- **THE DATA**
- Opening Delimiter -

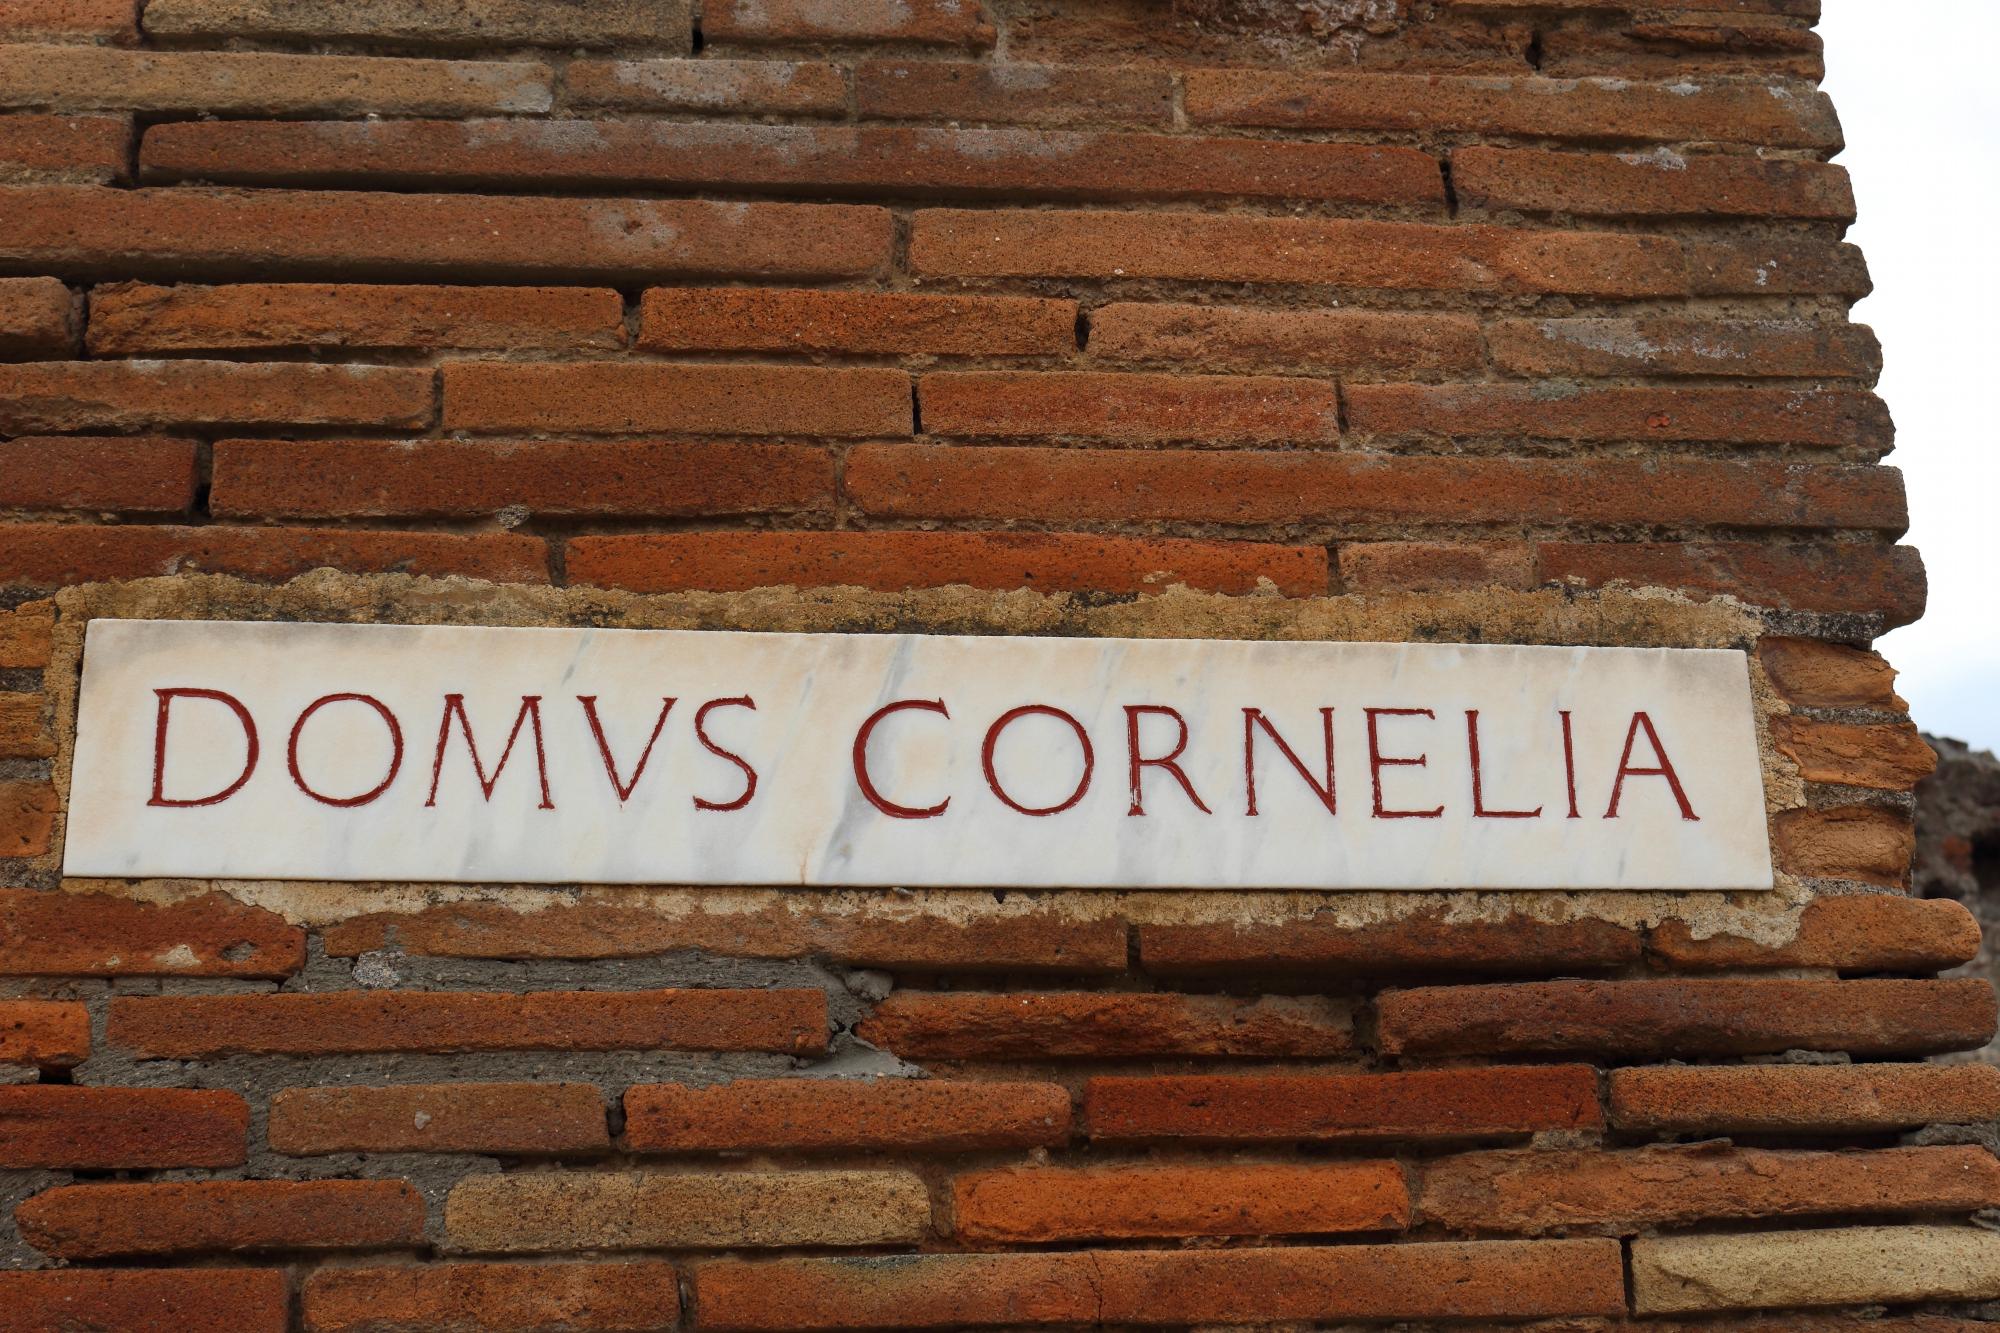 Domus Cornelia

- Closing Delimiter -
- Opening Delimiter -

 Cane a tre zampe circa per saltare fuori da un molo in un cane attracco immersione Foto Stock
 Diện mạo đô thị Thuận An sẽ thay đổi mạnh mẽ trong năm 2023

- Closing Delimiter -
- Opening Delimiter -

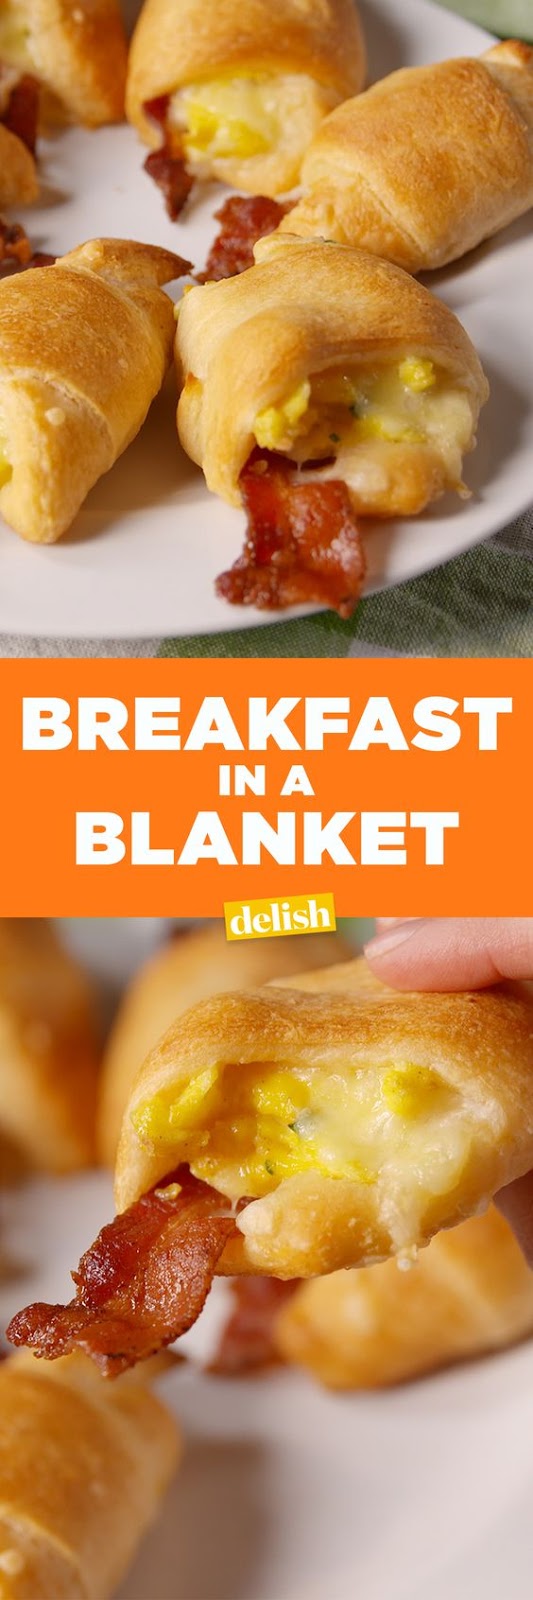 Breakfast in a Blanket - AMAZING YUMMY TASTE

- Closing Delimiter -

- **WHAT THE TASK ASKS**
Of the entries listed above, reproduce only the lines starting at the line containing "Cane a tre zampe" and ending at the line containing "Diện mạo đô". Include both, exactly as they stand.

- **RESPONSE FOR THIS EXERCISE**
 Cane a tre zampe circa per saltare fuori da un molo in un cane attracco immersione Foto Stock
 Diện mạo đô thị Thuận An sẽ thay đổi mạnh mẽ trong năm 2023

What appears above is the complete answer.